= Mariental Rural =

Electoral constituency in the Hardap region of central Namibia

Mariental Rural constituency (red) in the Hardap Region

Mariental Rural is a constituency in the Hardap region of Namibia. Its constituency office is situated in Stampriet. It had a population of 15,308 in 2011, up from 13,946 in 2001.
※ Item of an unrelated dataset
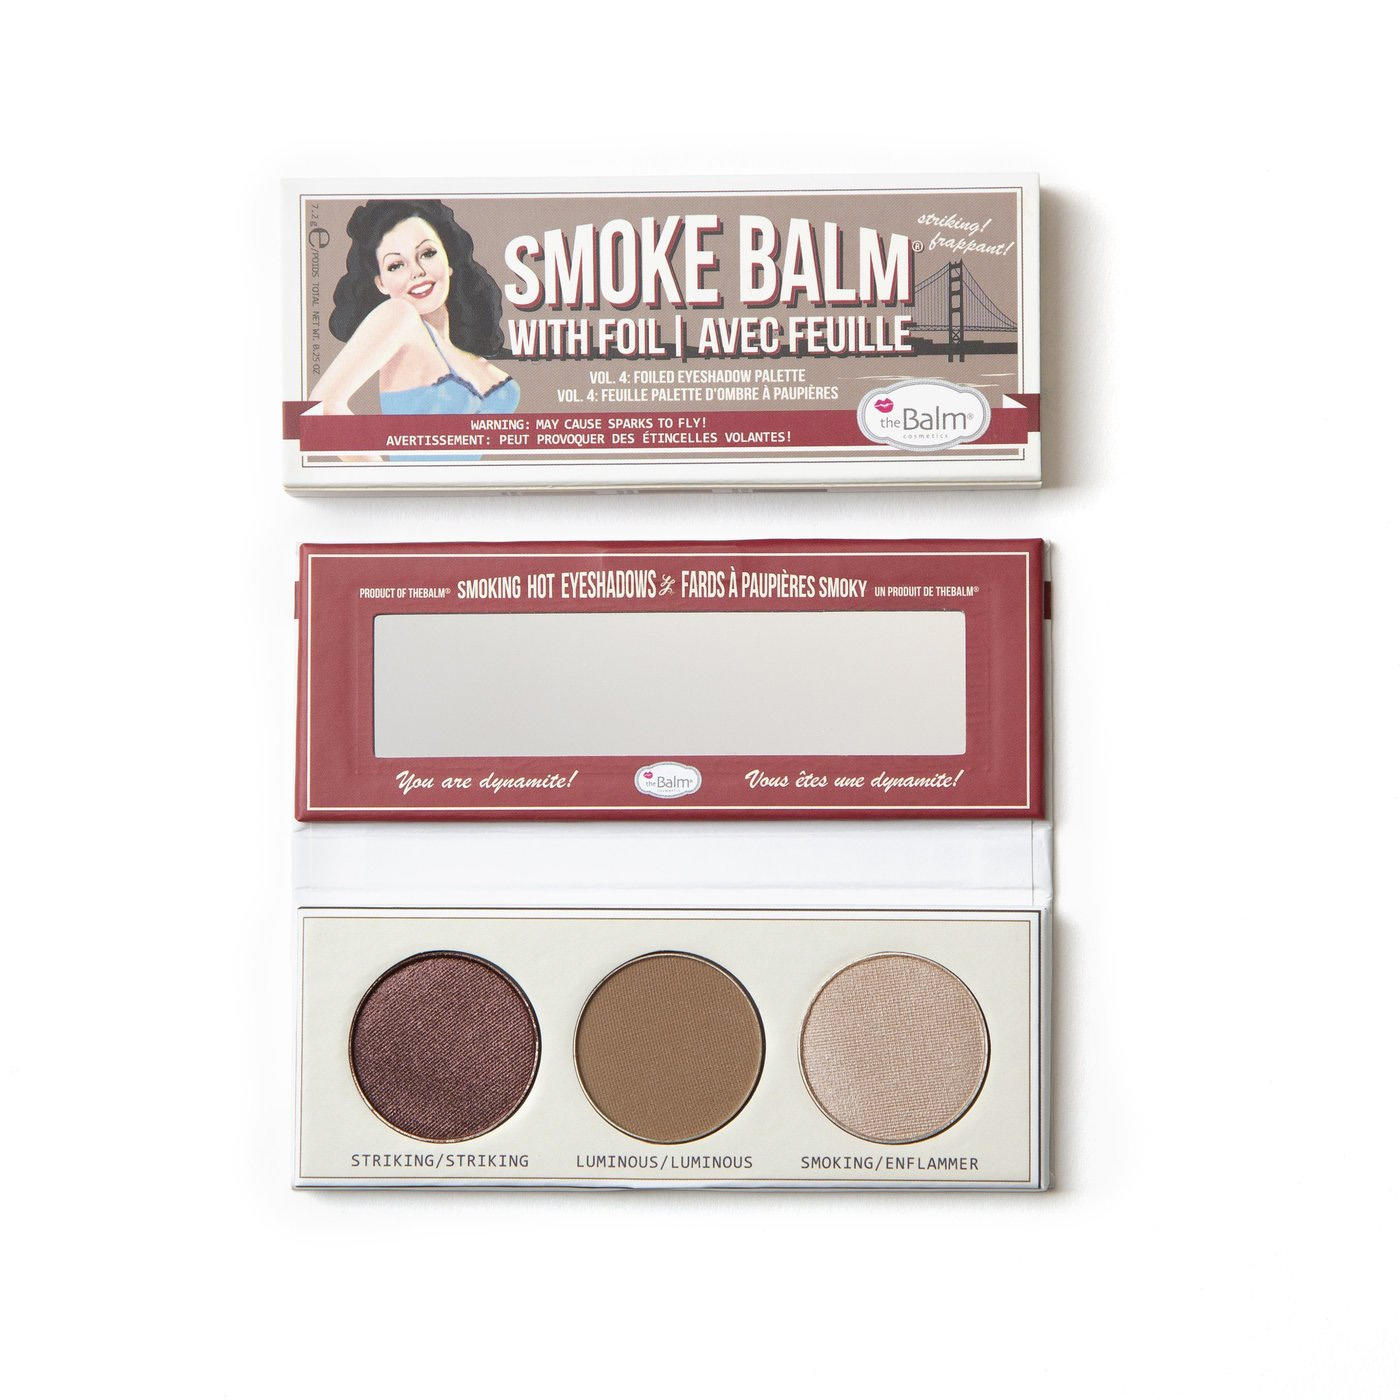 The Balm Smoke Balm Foiled Eyeshadow Palette Vol. 4

The constituency originally covered an area of 41,862 sqkm. In August 2013, Mariental Rural lost the eastern part of its territory, which became a constituency of its own, namely Aranos Constituency. As of 2020 the constituency had 4,065 registered voters.

==Politics==
Mariental Rural is traditionally a stronghold of the South West Africa People's Organization (SWAPO) party. In the 2004 regional election, SWAPO candidate Katrina Hanse received 2,411 of the 4,636 votes cast and became councillor.
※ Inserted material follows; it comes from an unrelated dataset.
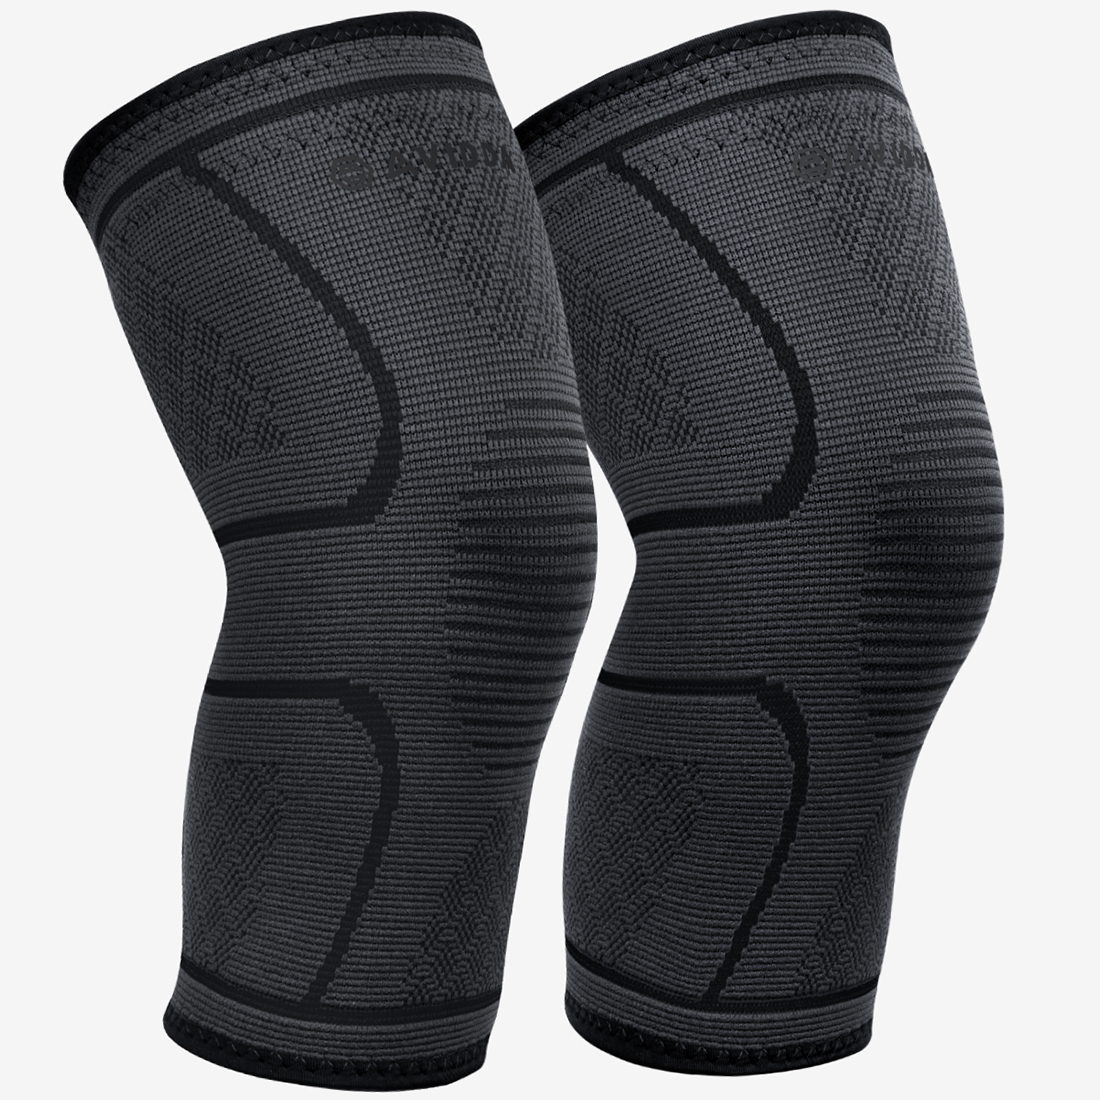 AVIDDA Knee Support Brace 2 Pack - Compression Knee Sleeves for

The 2015 regional elections were won by Simon Christy Dukeleni of SWAPO with 1,207 votes. The runner-up and only challenger was Anna Elizabeth de Kock of the Rally for Democracy and Progress with 276 votes.
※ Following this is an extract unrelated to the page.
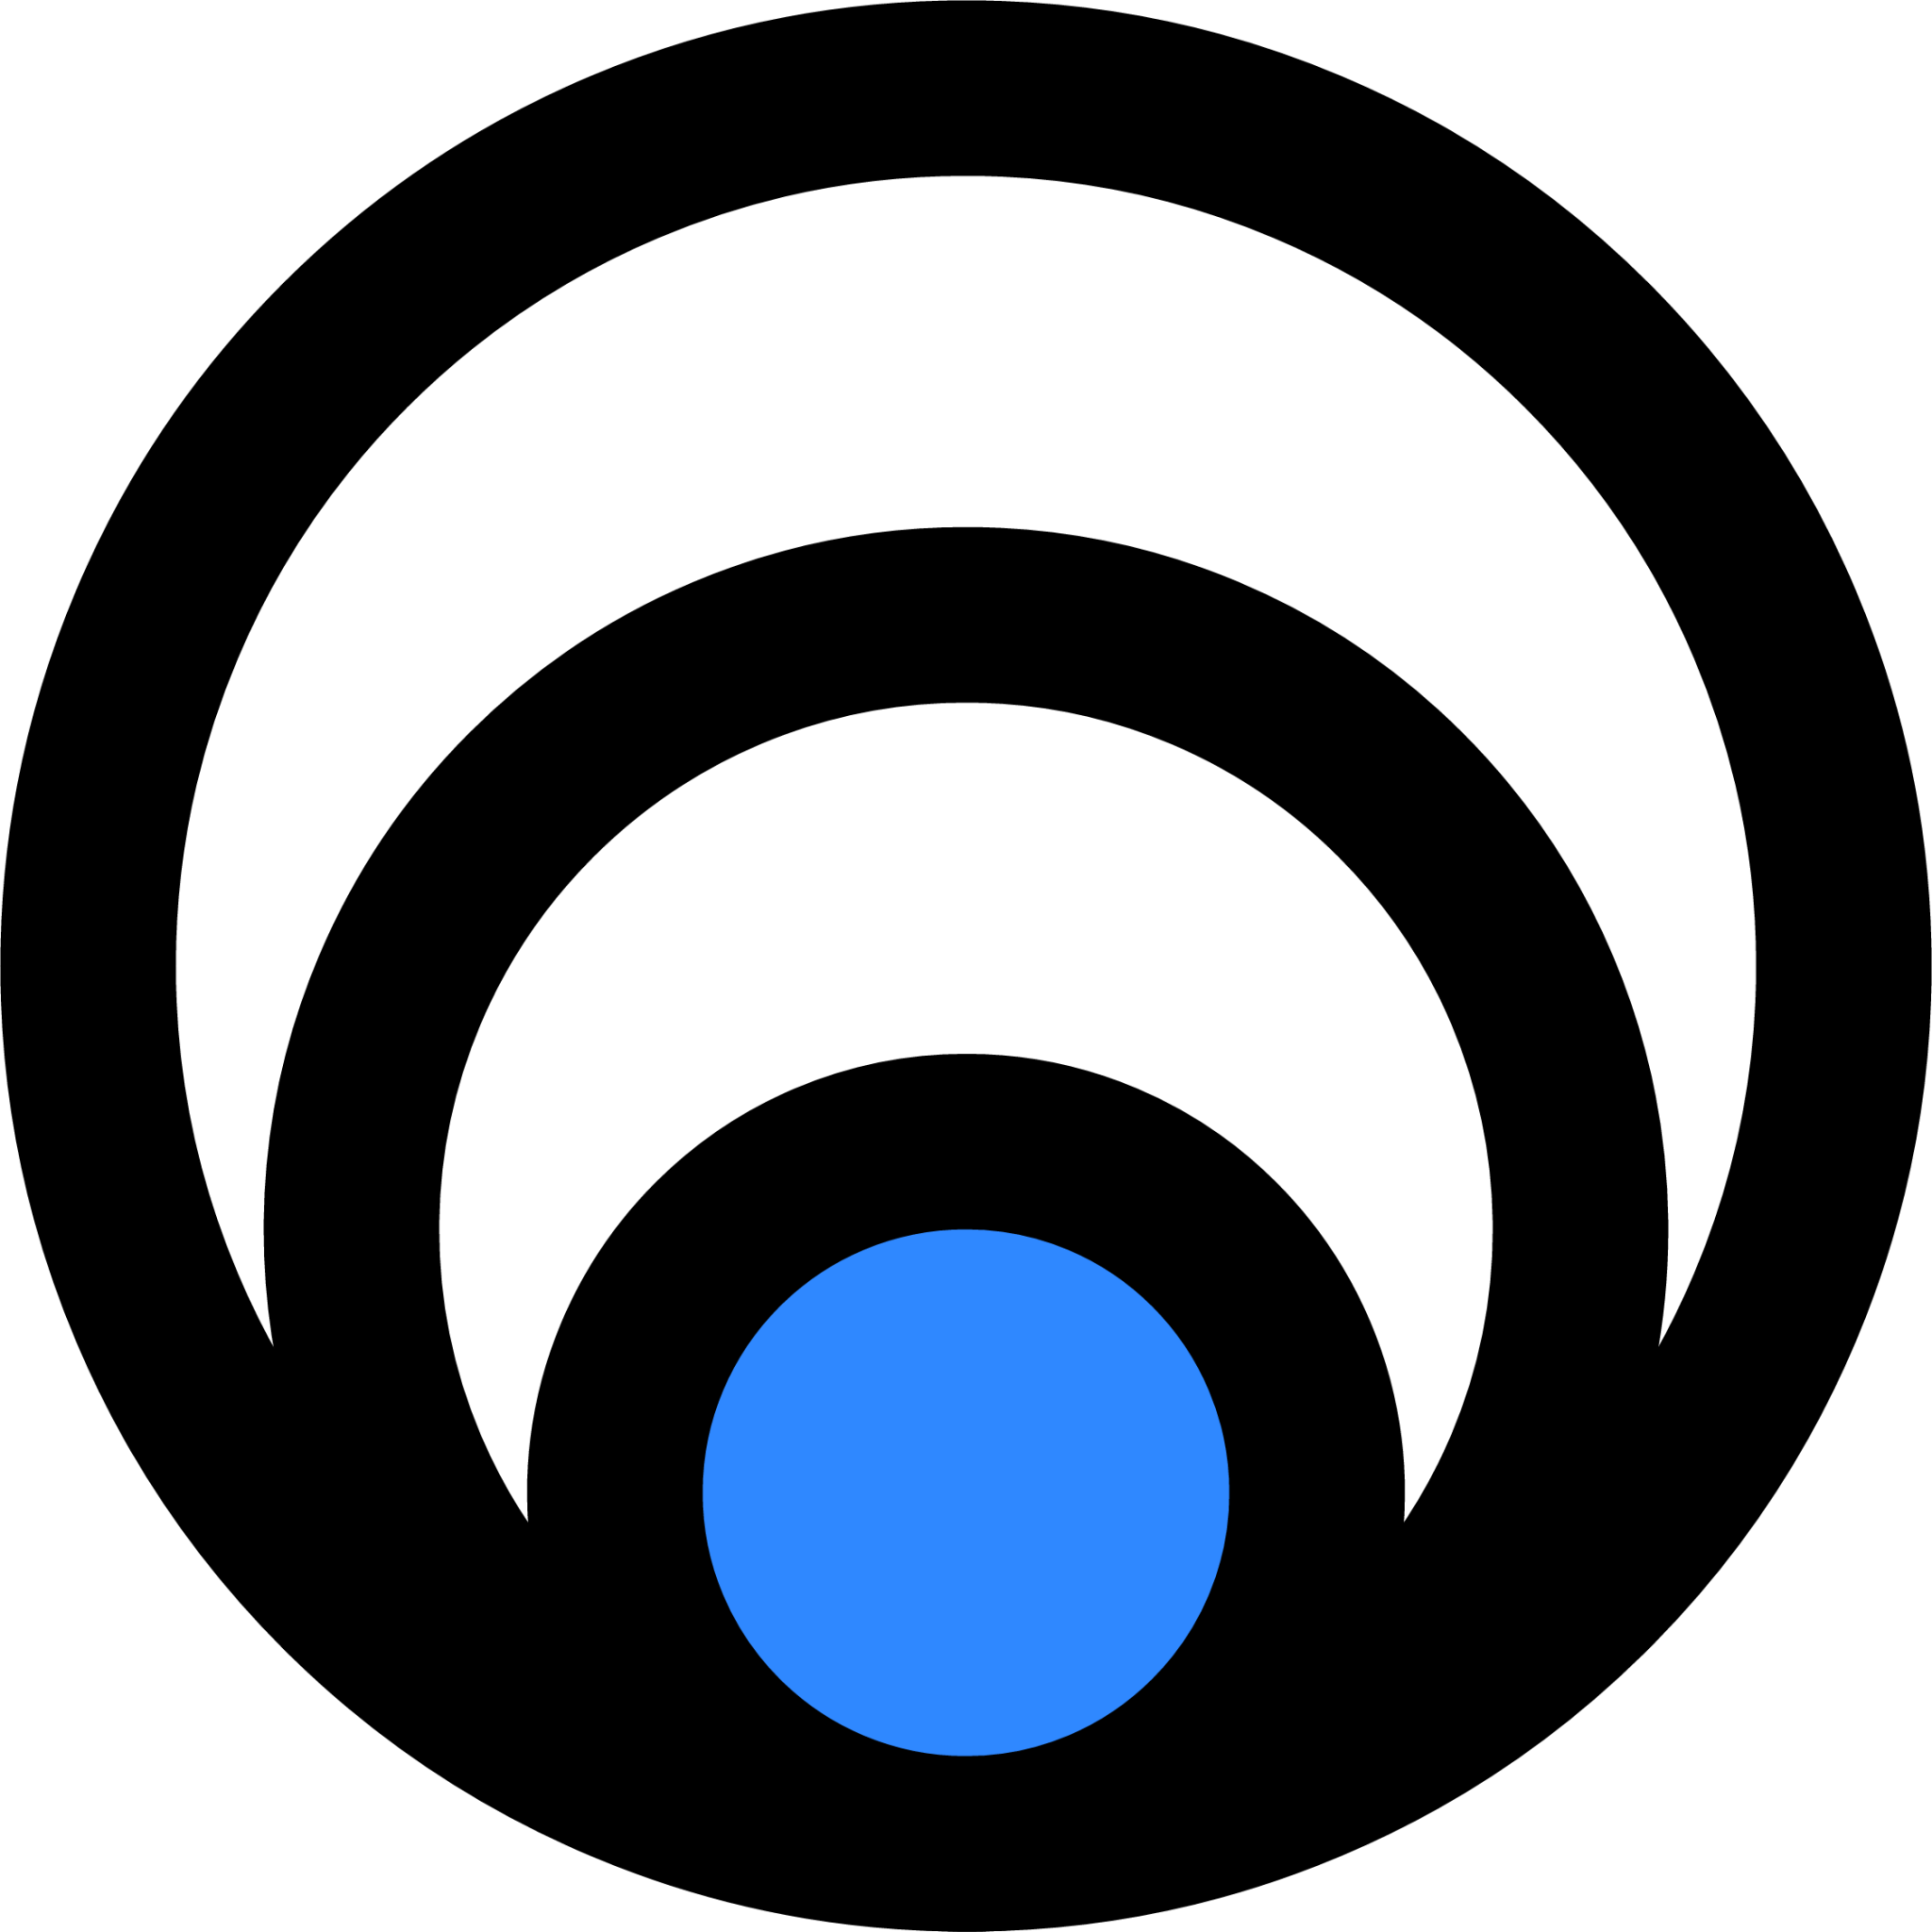 multi circular icon

For the 2020 regional election "serious procedural errors" were discovered in Mariental Rural. No initial result were announced, and the electoral court ordered a re-run. The re-run was conducted on 26 February 2021. As in all other constituencies of Hardap, the candidate of the Landless People's Movement (LPM, a new party registered in 2018) won. Deensia Swartbooi obtained 1,099 votes. Simon Gerhardus Kooper of SWAPO came second with 854 votes.